Deere & Company (DE) Volatility Skew

Implied volatility skew shows how IV varies across strike prices for a given expiration. Steeper skews indicate higher demand for downside protection relative to upside speculation.

Deere & Company (DE) operates in the Industrials sector, specifically the Agricultural - Machinery industry, with a market capitalization near $156.84B, listed on NYSE, employing roughly 73,100 people, carrying a beta of 0.97 to the broader market. Deere & Company manufactures and distributes various equipment worldwide. Led by John C. May, public since 1972-06-01.
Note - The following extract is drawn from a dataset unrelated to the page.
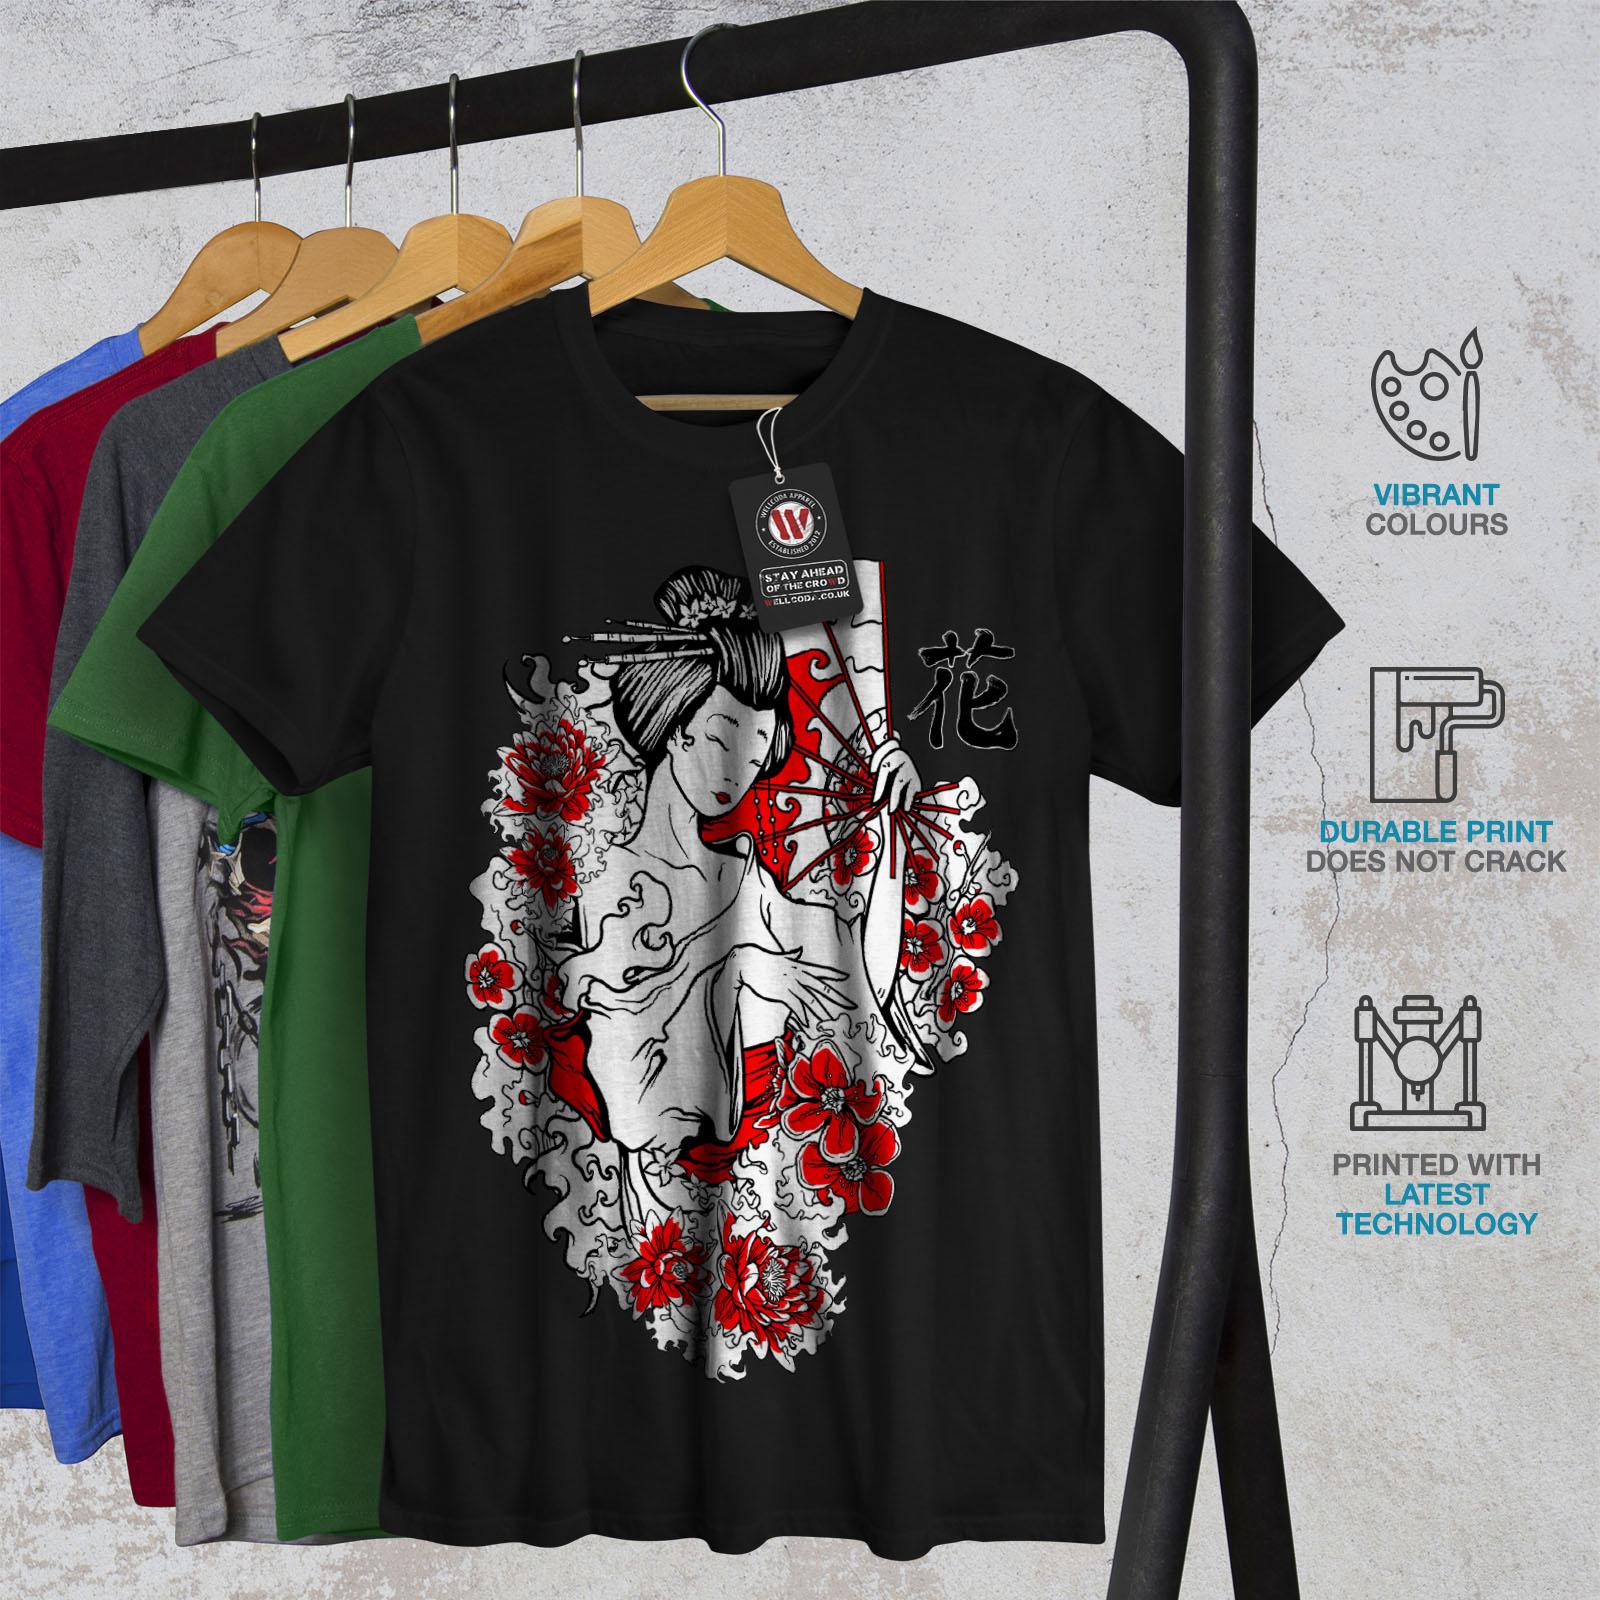 Wellcoda Girl Flower Power Mens T-shirt Japan Graphic Design Printed Tee

Snapshot as of May 15, 2026.

Spot Price
$563.17
ATM IV
40.3%
IV Skew 25Δ
0.001
IV Rank
93.1%
IV Percentile
99.2%
Term Structure Slope
-0.004

As of May 15, 2026, Deere & Company (DE) at-the-money implied volatility is 40.3%. IV rank is 93.1% (where 0% is the 52-week low and 100% is the 52-week high). IV percentile is 99.2%. The 25-delta skew is +0.001: skew is roughly flat across the 25-delta wings. High IV rank typically favors premium-selling strategies; low IV rank favors premium-buying.

DE Strategy Selection at Current Volatility Levels

For Deere & Company options at 40.3% ATM IV, high IV rank (93.1%) favors premium-selling structures: credit spreads, iron condors, covered calls, cash-secured puts. The risk: a continued vol expansion through high-rank levels is rare but expensive when it happens. Pair the vol-rank read with the dealer-gamma view and the upcoming-events calendar to confirm the strategy fits both the structural regime and the path-dependent risk. The variance risk premium - the persistent gap between implied and subsequently realized vol - is positive in equity markets on average; high IV rank typically reflects a stretch where the premium is wider than usual.
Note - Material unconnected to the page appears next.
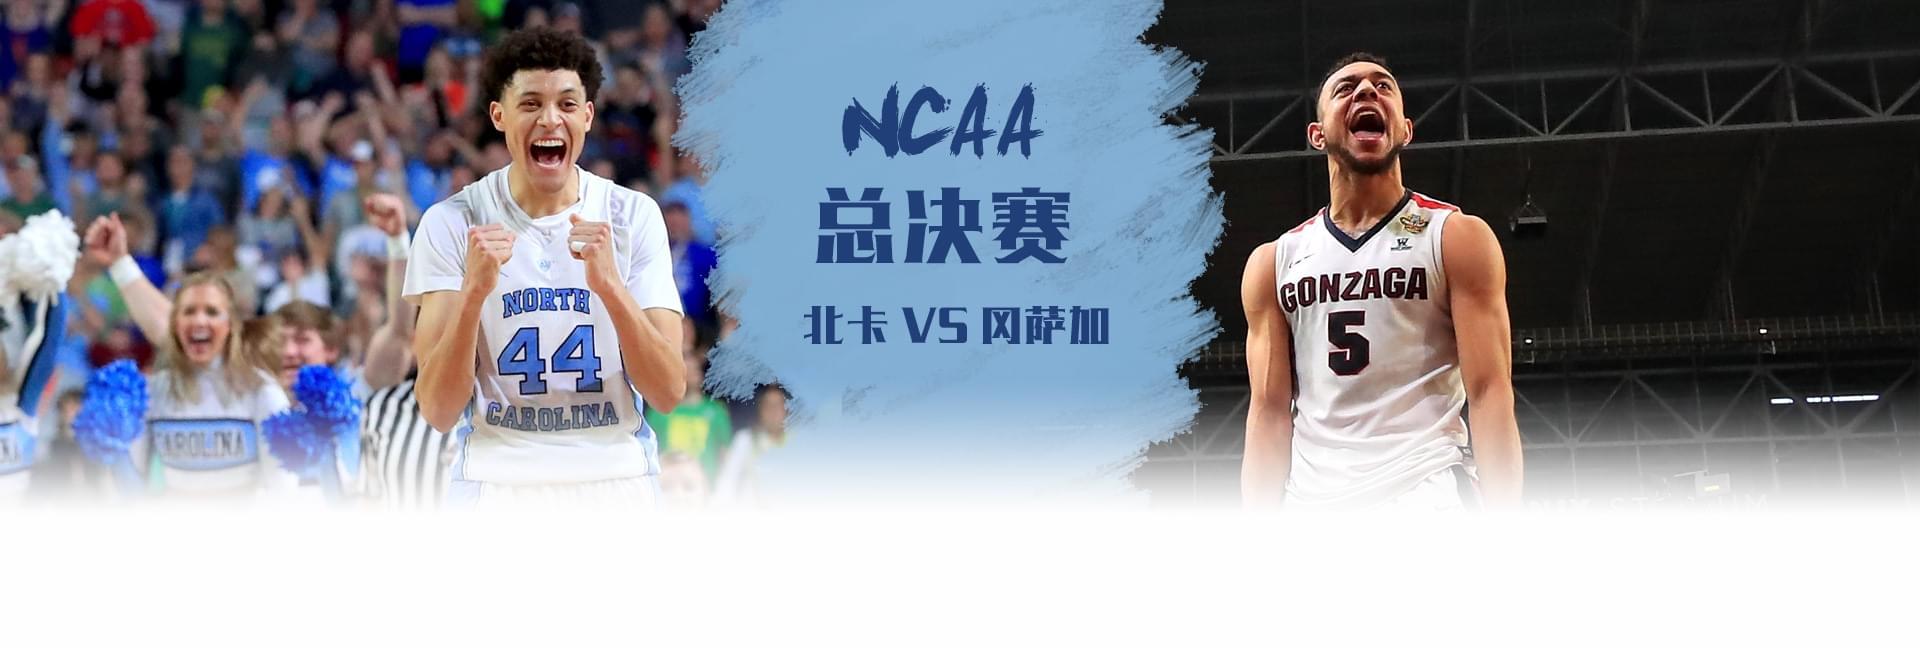 NCAA決賽前瞻:岡薩加沖首冠+38勝 北卡救贖上季?

Learn how volatility skew is reported and how to read the data →

Frequently asked DE volatility skew questions

What is the current DE ATM implied volatility?
As of May 15, 2026, Deere & Company (DE) at-the-money implied volatility is 40.3%. IV rank is 93.1% on a 0-100% scale anchored to the 1-year IV range. ATM IV is the volatility input that makes a Black-Scholes-equivalent model reproduce the listed at-the-money option prices.
Is DE IV high or low historically?
IV is elevated relative to its 1-year history, conditions that typically favor premium-selling strategies (credit spreads, iron condors, covered calls).
What does DE volatility skew tell options traders?
Volatility skew is the pattern by which IV varies across strikes for a given expiration. Deere & Company skew is roughly flat across the 25-delta wings. Skew matters for risk-defined strategy selection: when downside puts are rich, put-credit spreads capture more premium; when upside calls are rich, call-credit spreads or covered-call writes harvest more.